The Filter Pane

In this post we’ll be going over the basics of the Power BI Filter Pane, including the many many ways we can use it to filter our visuals differently.

We’ll be using a simple pre-built report to learn about the basics of the Filter Pane. You can download a copy of it by clicking here.

The data the Power BI file connects to is the same data as is used in the How to build a bar chart tutorial. If you want your own copy of it, you can download it here:

To learn how to connect Power BI to Excel data, click here.

Video:

Written Instructions:

Our report is very simple, with one bar chart on one page and that’s it. (click here if you need to learn how to build a bar chart.)

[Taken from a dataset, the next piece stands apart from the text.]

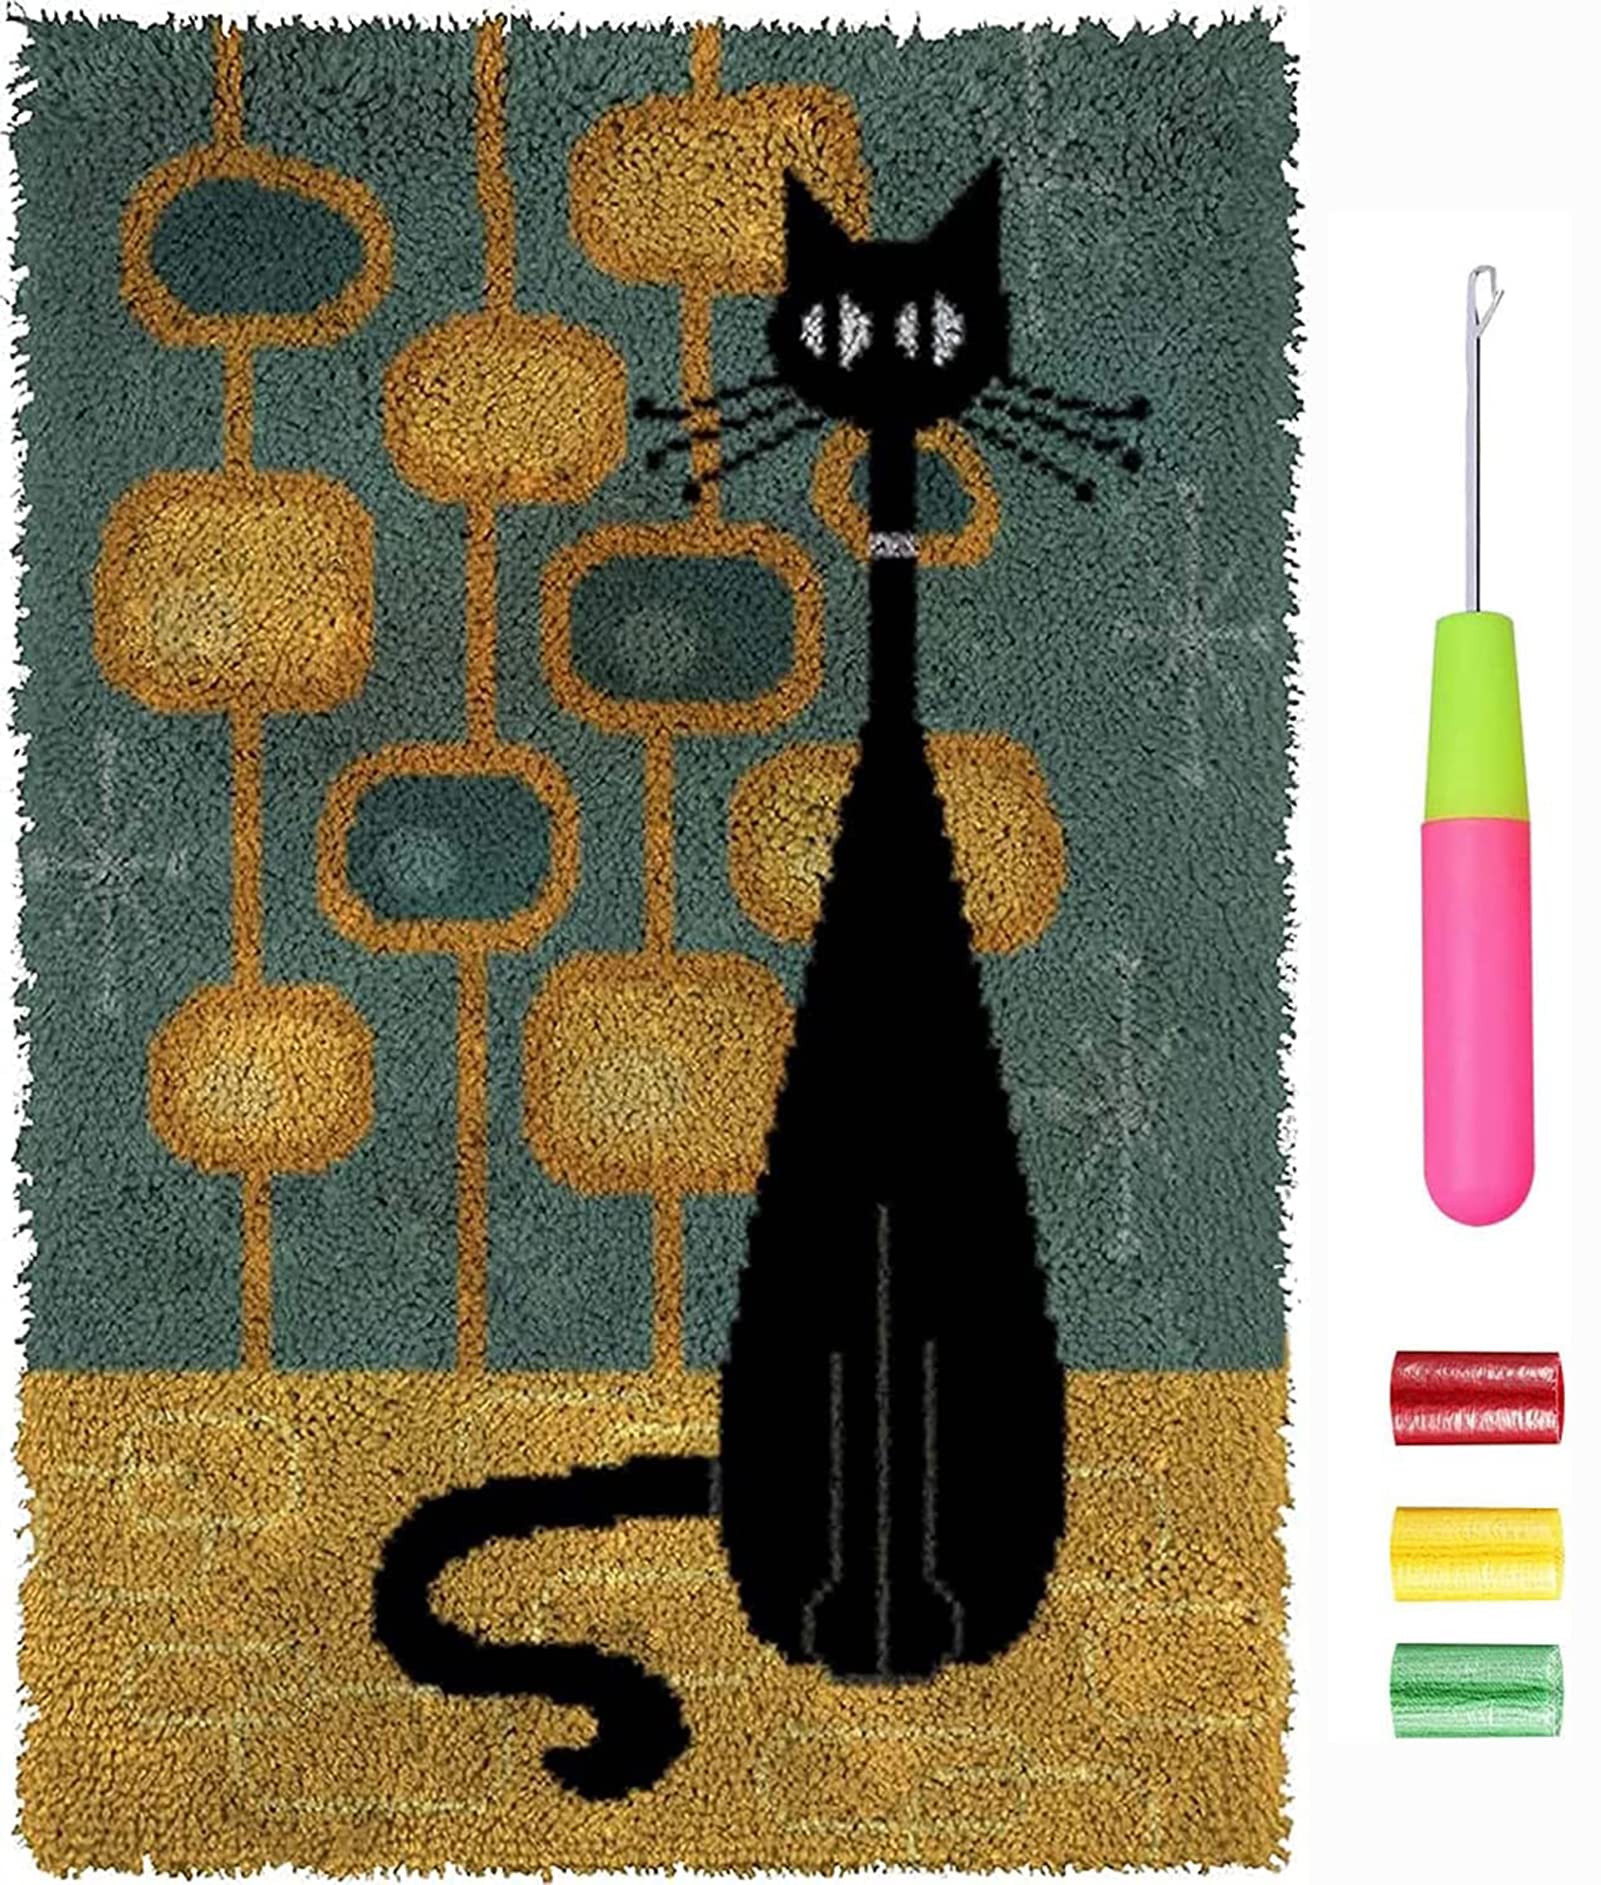 EVAJE Latch Hook Rug Kit for Adults DIY Crochet Yarn Kits with Color  Printed Canvas Black Cat Pattern Rug Making Craft Embroidery Tapestry Set  Home Decor Festival Gift 20.5''X14
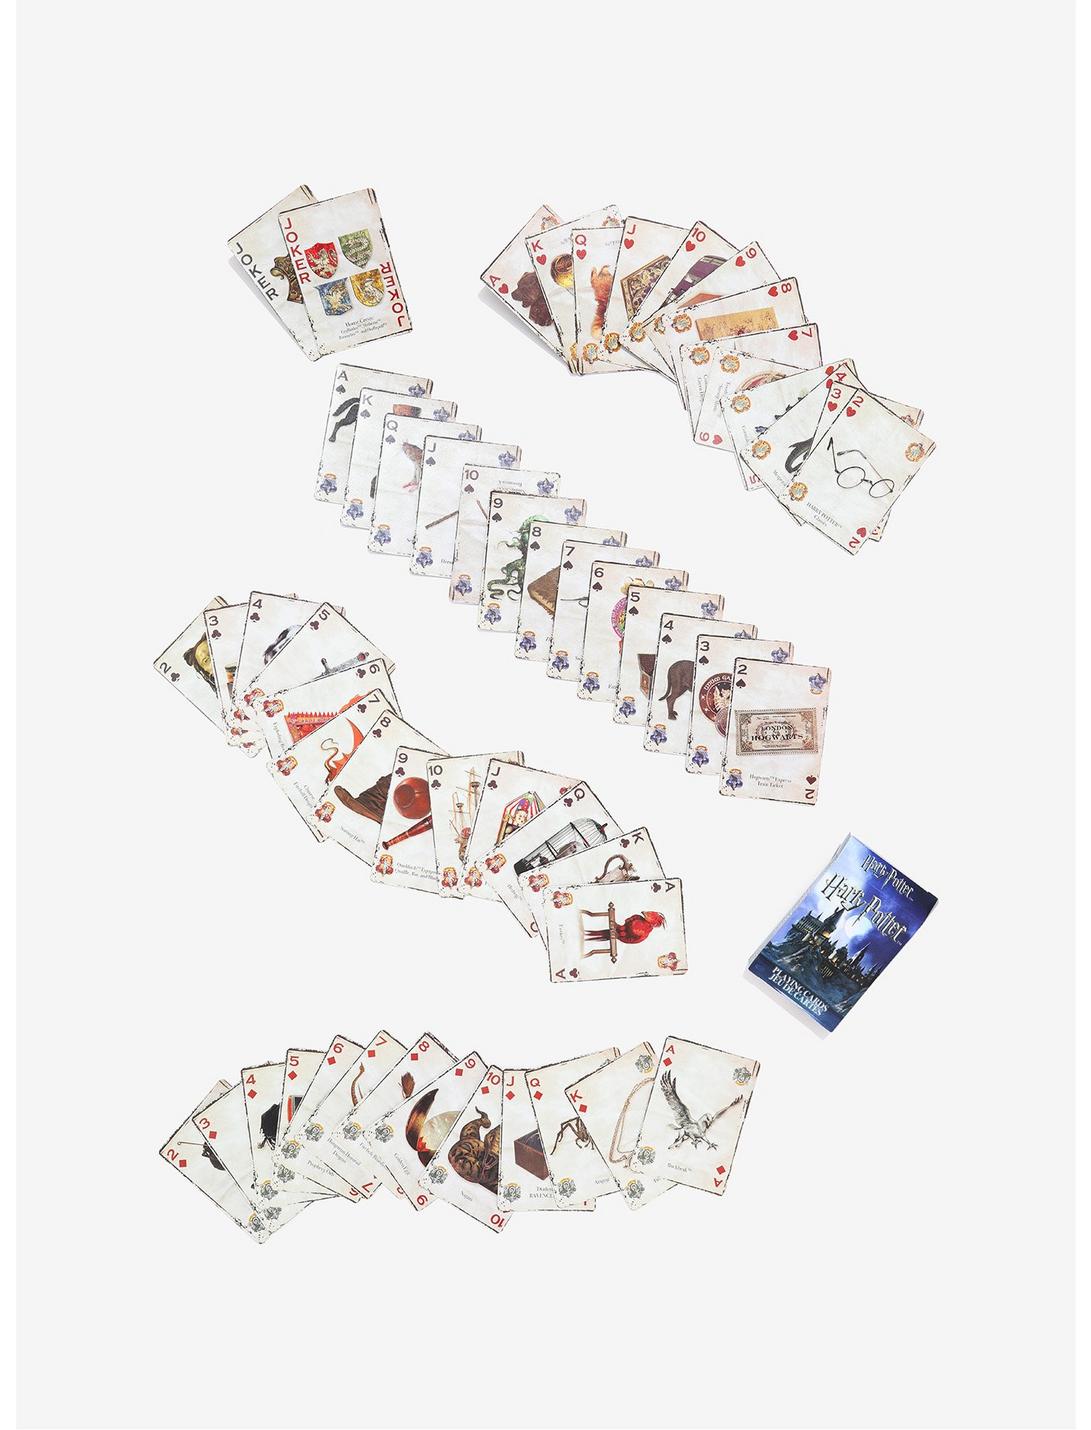 Harry Potter Playing Cards, , hi-res

We’re using this super simple report so we can concentrate on how our Filter Pane works.

The Filter Pane is one of the panes that loads by default when Power BI Desktop is launched, but it may be collapsed. Just click it to open it up.

When you have a visual made and selected, the Filter Pane for that visual has some information in it automatically. The Filter Pane will have possible filters sitting there based on what fields you’ve added to your visual.


In our case, we can see possible filters for Region and Participants already sitting there in the Pane. Neither are filtering anything yet. They are there because they are the fields we’ve built our visual with.

Let’s try building our first filter.

Let’s say that we don’t need to report on our Southwest region in our bar chart. We can open up the Region part of our Filter Pane and select all our regions except the Southwest Region. This is basic list filtering.


We can do the same thing using other fields in our data. We have various Programs in our data and we may not want to report on all of them in this chart. We can drag our Program field over to the Filter Pane and select which programs we want to filter. Let’s select Health and Nutrition but filter out Substance Abuse.


Let’s explore other types of filtering we can do in the Filter Pane.

We’ve done Basic Filtering thus far, but let’s change the Filter Type dropdown in our Region filter to Advanced Filtering. This gives us a lot of options for filtering according to conditions. Since Region is a text field, we have options for looking for certain text (or the absence of it, if data is blank or empty. All kinds of things.

Let’s try selecting “contains” and typing in the word “west” and then clicking where it says “Apply Filter”. Now we only have bars for regions that contain the word “west”.



Pretty neat, huh?

Okay, let’s try a 3rd way of filtering. Let’s select “Top N” in our Filter Type dropdown for our Region filter. Let’s say we only want to show the Top 3 regions of our 5, using the number of participants for ranking, we’d type a “3” into where it says Show Items and then drag our Participants field, which has numbers of participants, to the By Value box. We want to make sure it says “Sum of Participants” but according to your needs you could select Average or Max or Counts, for instance.

Then click “Apply Filter”.


Now we get 4 regions showing as our 3rd and 4th spots are actually a tie, so thankfully Power BI is smart enough to recognize this.

That’s the very basics of our Filter Pane, but we’ll explore one more thing here before we finish.

We’ll clear our Region filter completely by clicking the little eraser symbol that shows up when we hover over it.

Then, we’ll bring in a simple slicer for our page by making sure our bar chart is NOT selected and clicking the Slicer icon (the one with the little funnel) on the Visualizations Pane.

We’ll drag our Region field to our slicer to give us a list of our regions that our users can select. If we don’t want the Southwest Region on our page, we don’t have to filter our chart and slicer separately. We can do them at the same time.

Drag our Region field from our Data Pane to where it says “Filters on this page” in our Filter Pane and we can filter anything on our page at once.

We’ll select all our regions in this new filter except Southwest and now both our chart and our slicer only has the fields we care about. Well, the ones we are reporting on, anyway.


Finally, there’s a spot down at the bottom of the Filter Pane where we can create a filter for all pages on an entire report, so if you don’t want the Southwest region anywhere in your report, you can filter it out here.

That’s the basics of the Filter Pane. Extremely powerful stuff.